Available data |

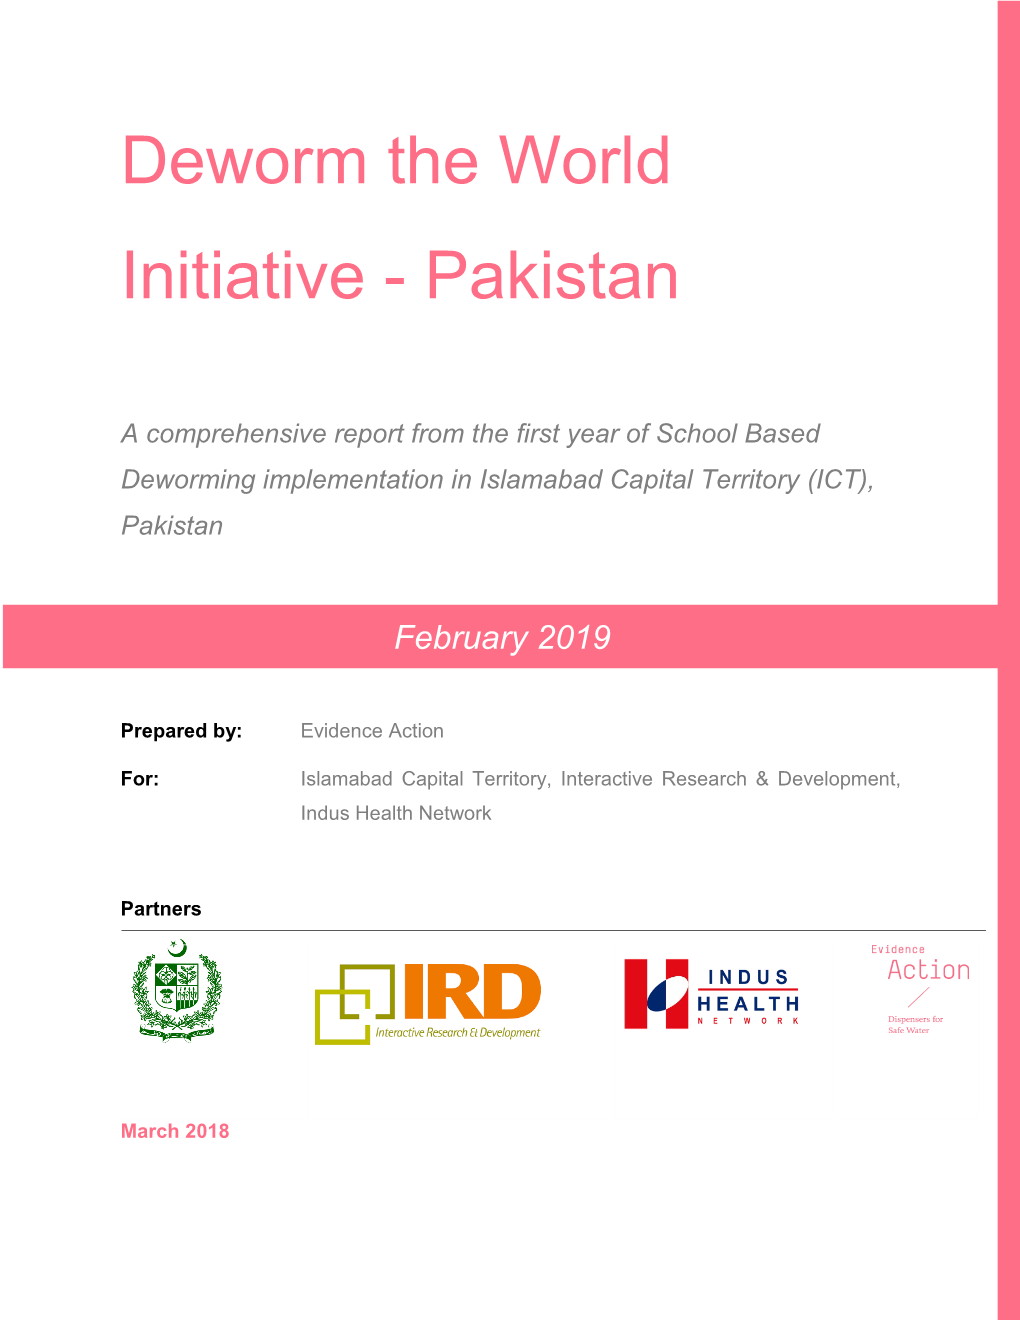 Deworm the World Initiative - Pakistan
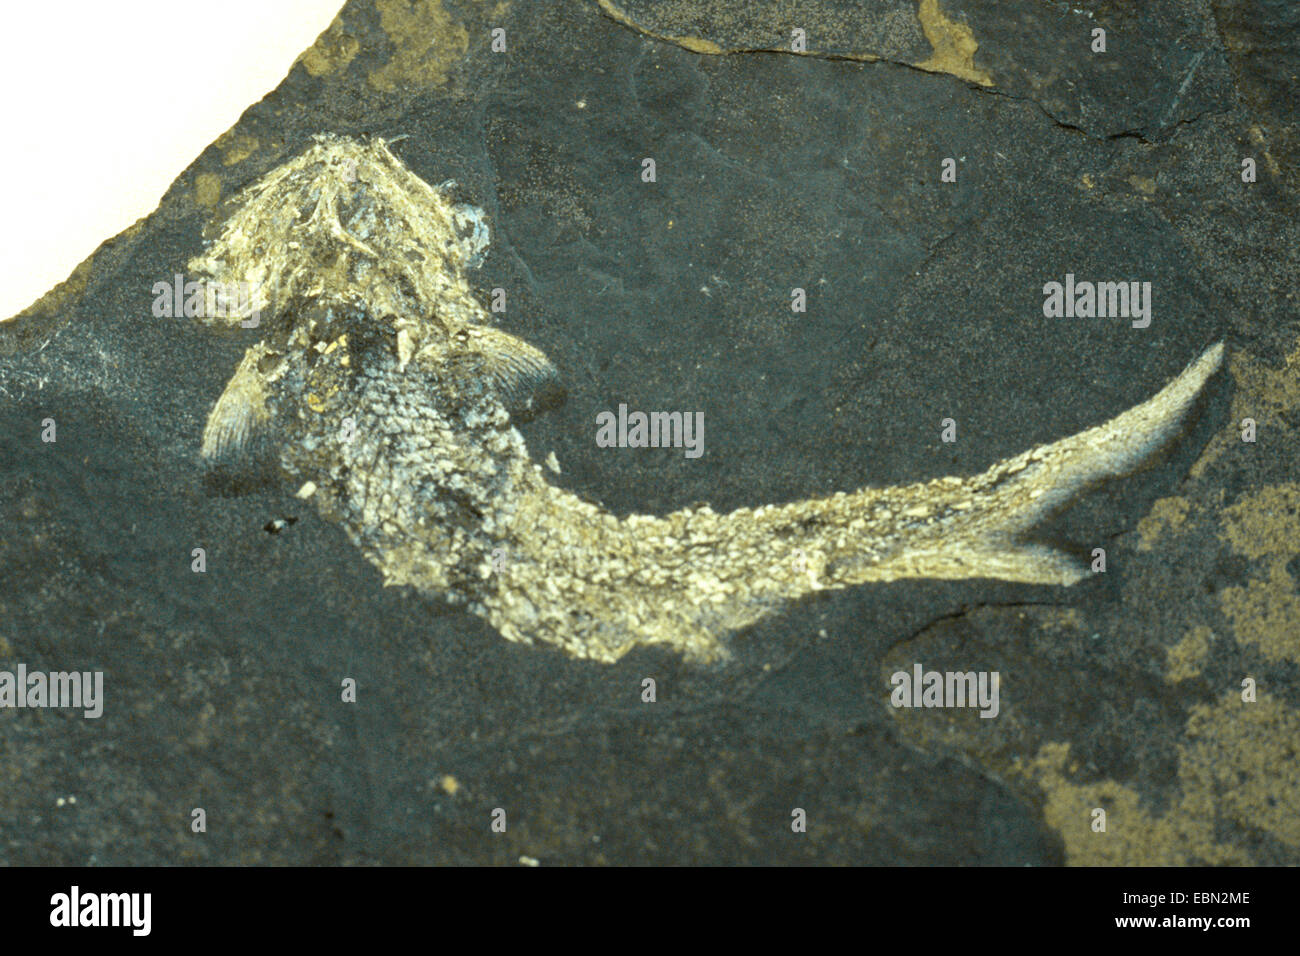 Elonichthys palatinus (Elonichthys palatinus), fossile pesce osseo, in Germania, in Renania Palatinato, Kaulbach Foto Stock
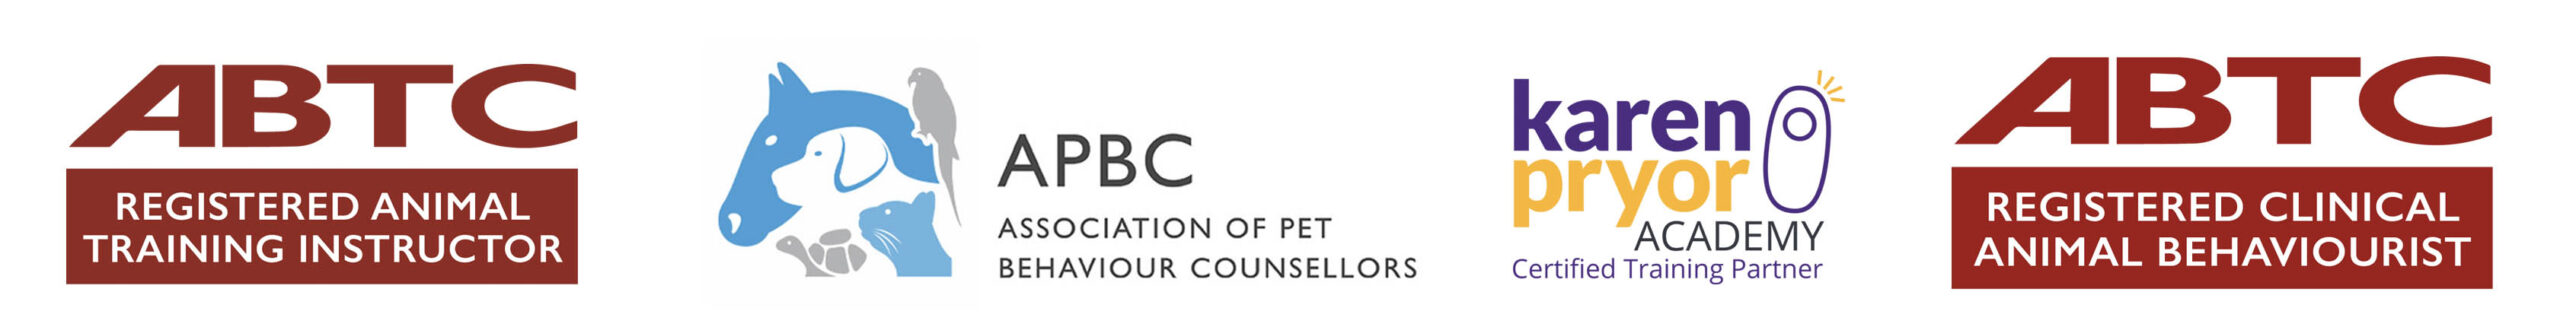 ABTC Clinical Animal Behaviourist

What this task involves |
Omit the pictures, then print the rest of the listing above exactly.

Answer to the exercise |
 Deworm the World Initiative - Pakistan
 Elonichthys palatinus (Elonichthys palatinus), fossile pesce osseo, in Germania, in Renania Palatinato, Kaulbach Foto Stock
 ABTC Clinical Animal Behaviourist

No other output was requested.